When I went away for my yearly outing I was so cross that there was no living within six miles of my own shadow. I hated everything on earth, and everything on earth hated me. But I have come back as sweetly as the breath of a rose steals through a lattice. That is the effect of a jaunt, my dear; and let me say right now that if you are holding on to your money in the hope of getting rich sometime, or if you are traveling in a rut because you think you are too poor to avoid it, or if you are grinding your soul into fine dust in the process of laying up against a rainy day, just stop right where you are and listen to me. Any money that is gained at the expense of health, either physical or mental; any duty held to in the face of nervous breakdown; any gain secured at the expense of peace of mind and growth of soul, is not worth the holding. You cannot be of any use in the world if you are worn out or sick. You may persist in holding on, but your grip is weak, and your effect on affairs and people is simply that of an irritant. You owe it to yourself, as well as to others, to go away and get rested. If it costs money to do so, consider money well spent that gains so fair an equivalent as rest and change, and renewed vigor. I tell you there are few better uses to which you may put your dollars than in a yearly outing. Your pockets may be lighter when you get back, but so will your heart be, and the few sacrifices necessary in the way of less expensive clothes and cigars, or less frequent gloves and bonnets, will be well worth the making for the result gained.

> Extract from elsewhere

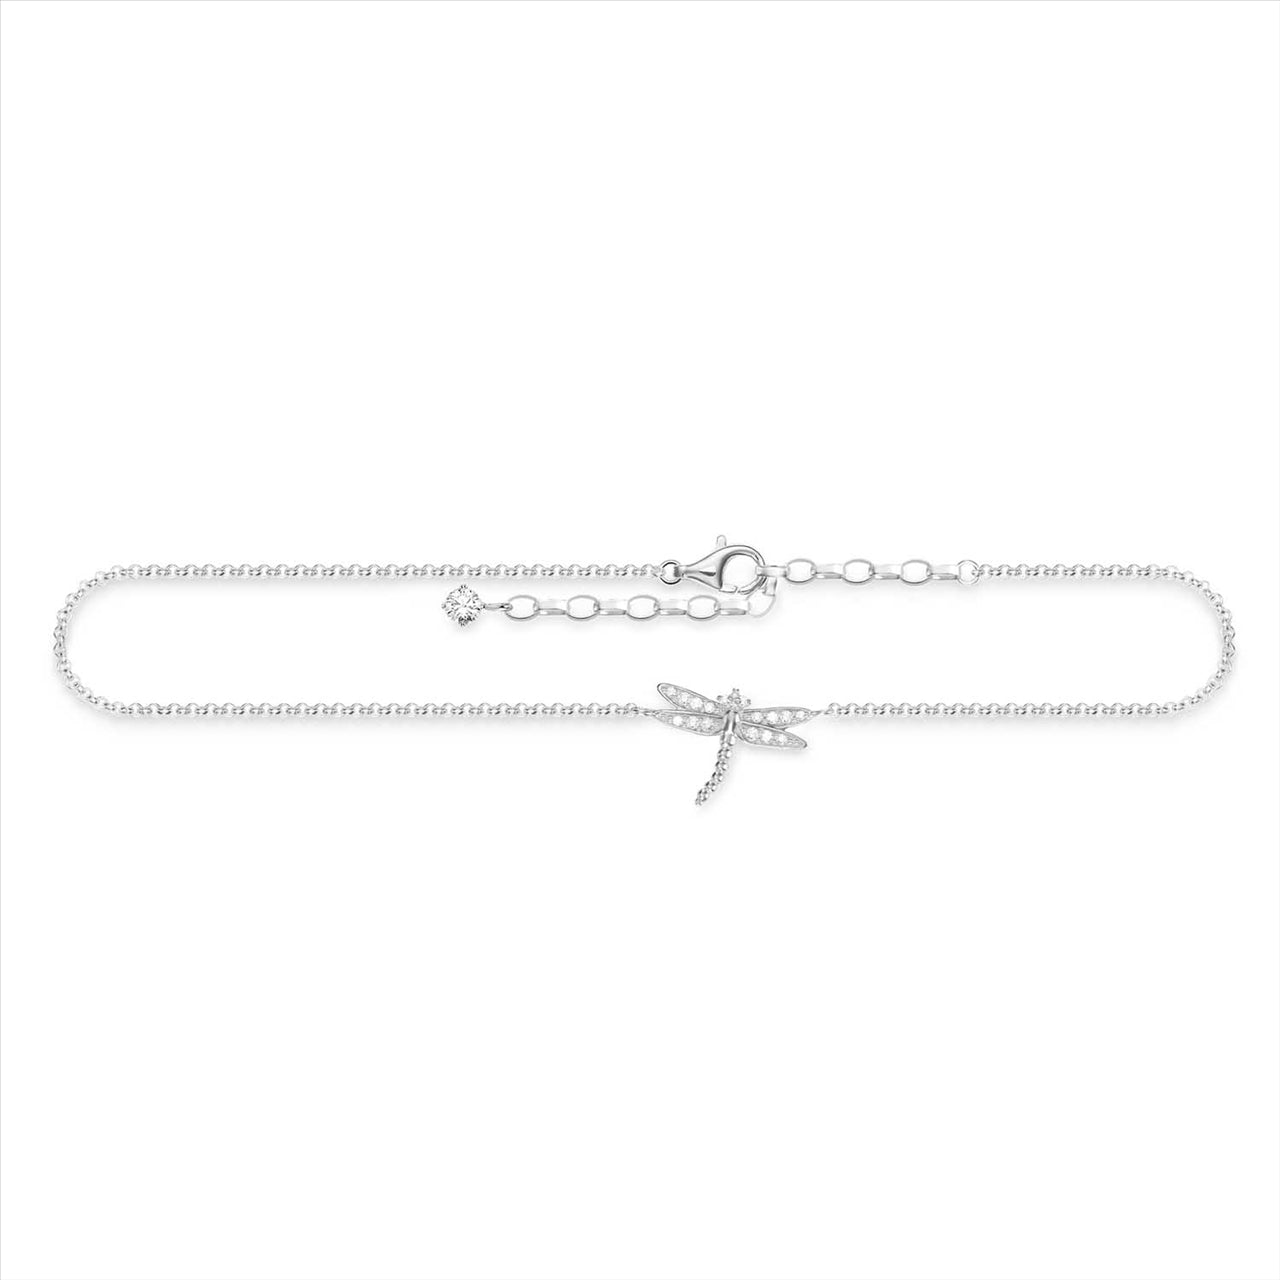 Thomas Sabo "Anklet" Sterling Silver Cubic Zirconia Dragonfly Anklet
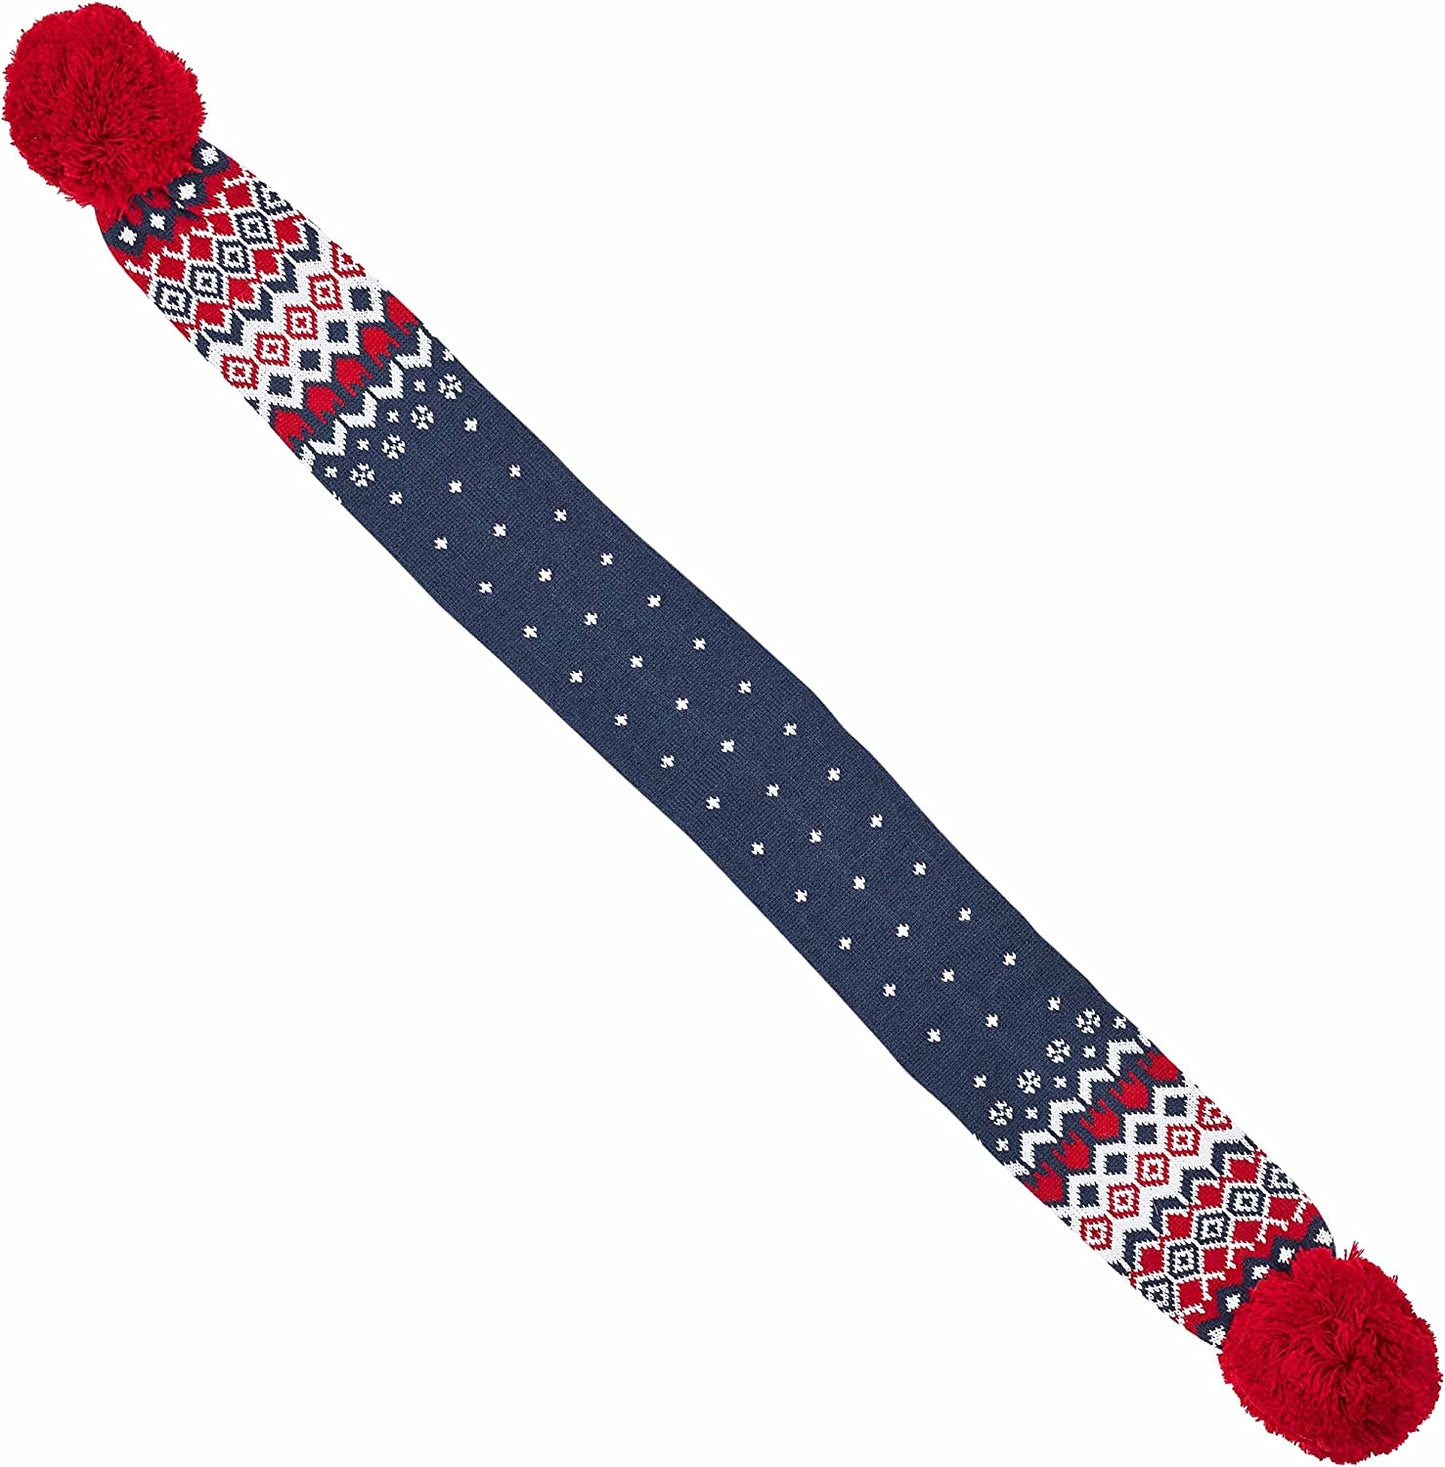 Blueberry Pet 2022/2023 New Christmas Family Scarf for Dog, Holiday Festive Fair Isle Dog Scarf in Navy Blue, Small/Medium

I wish Columbus had never discovered us. I wish that he had never steered his old bark westward and found the "land of the free and the home of the brave." For with discovery came civilization, and I believe we would have been better off without it. If we only could have been left to ourselves and gone on sitting under lotus trees unaffected by dressmaker and tailor bills, I believe the sum total of happiness would have been far greater in the world than it is to-day. I would love to return to my allegiance to nature and forever desert the haunts of civilization and the marts of trade. I want to gather together a picked band of kindred souls and go out and pitch tent by the Gunnison River. Ever been there? Imagine a stream of gold flowing through hills colored like an apple orchard in May, with a sky bending down above them like the wing of an oriole. I want to forget the insolence of a class who may be as good as I am in the eye of the law, but whom it would take a ton of soap and God's grace to make my equal in point of cleanliness and decency. I want to forget forever the clang of the cable car and the rumble of its wheels. I want to return to the heathendom that worships gods instead of dollars and loves mankind simply because it knows nothing of faithlessness and fraud.